The recent case of Whittlestone v BJP Home Support Limited has brought into question what workers should be paid if they ‘sleep over’ at their place of work.

This case involved an employee who was required to work ‘sleep over’ duties, during which time she was never actually required to carry out any work, but was required to remain present. She was paid an allowance for these sleep in duties, which equated to less than the national minimum wage (NMW) for each hour that she was required to be present. The employee brought a claim in respect of her pay, which went to the Employment Appeal Tribunal (EAT).

The EAT held that where an employee is required to stay in the place of the work, the fact that the employee is required to be present at work amounts to work itself and the employee should be paid at least the NMW for each hour she was required to be present, even if the employee isn’t carrying out ‘actual work’ for the entire time and is in reality able to sleep for the duration of the shift.

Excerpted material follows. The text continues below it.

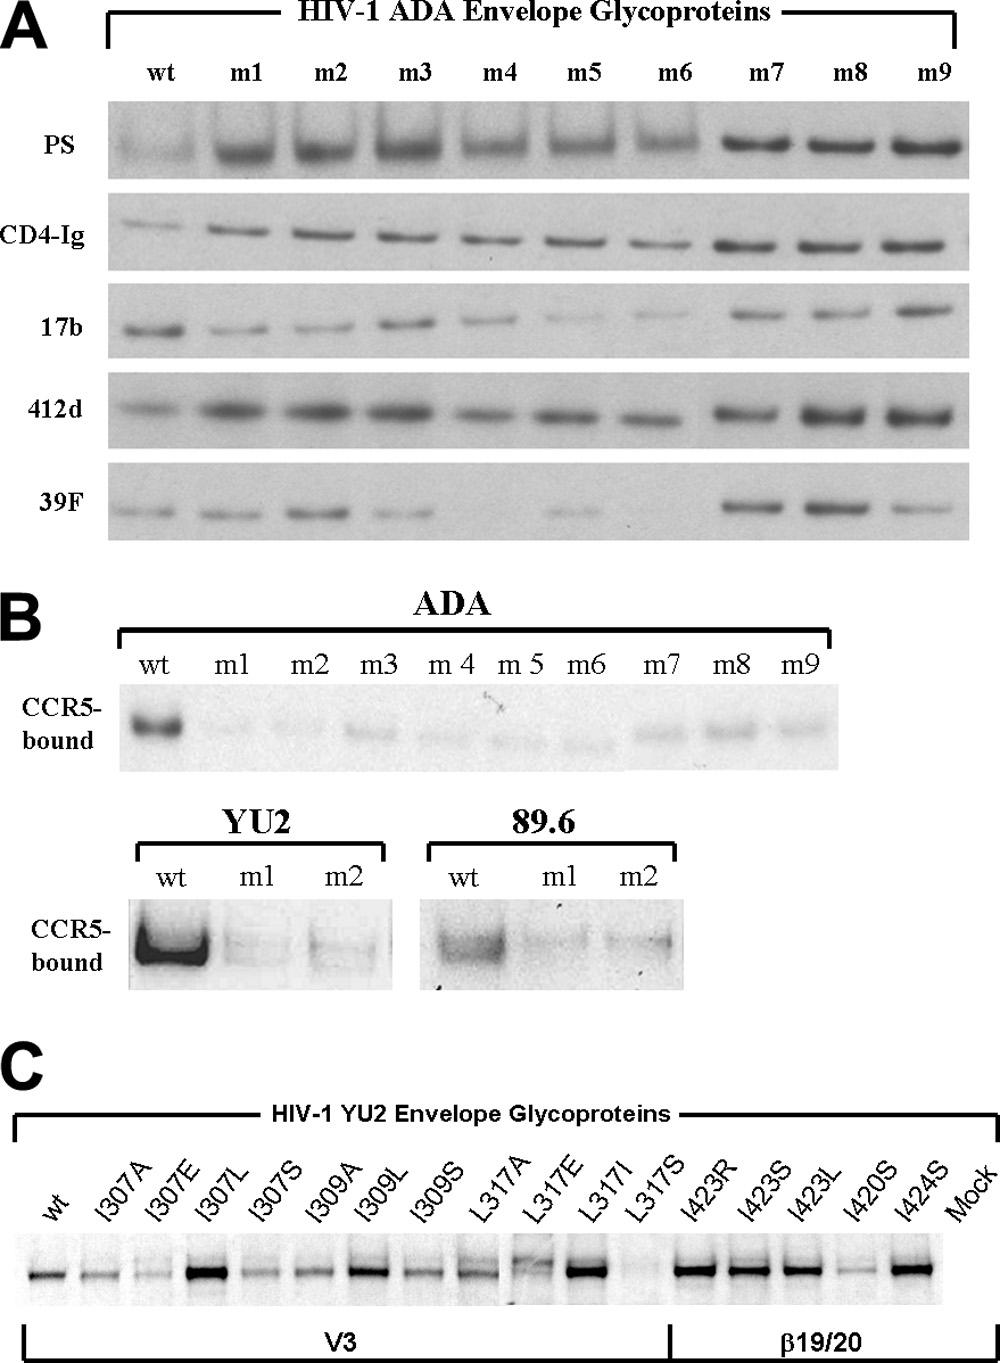 3152 XIANG ET AL. J. VIROL. FIG. 4. Binding of ligands to HIV-1 envelope glycoprotein variants.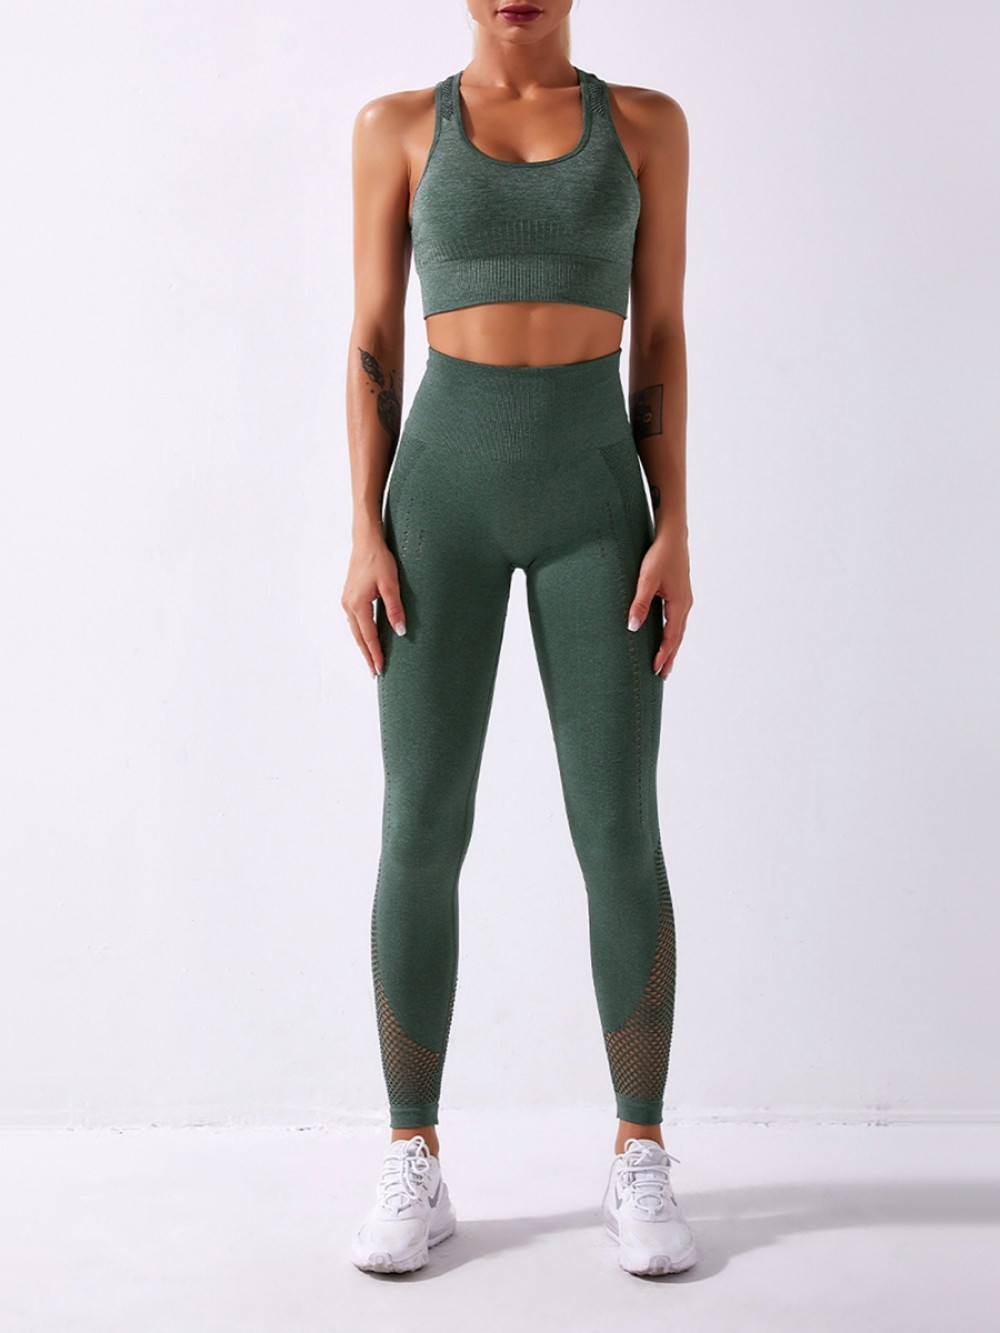 Blackish Green Wide Straps Yoga Bra Seamless Legging Suit For Girls

Prior to this case, a distinction was drawn between a job where a worker’s core duties required them to work at night (such as a night-watchman), entitling them to NMW for the entire of the night shift, and a job where a worker is required to be at the place of work ‘on call’ in addition to their core duties during the day, only entitling them to NMW for the time they are actually working.

There is scope for the case to be appealed, though this is looking unlikely. Distinctions could also be drawn in future cases where workers’ time is considered ‘unmeasured’ under the National Minimum Wage Regulations 1999.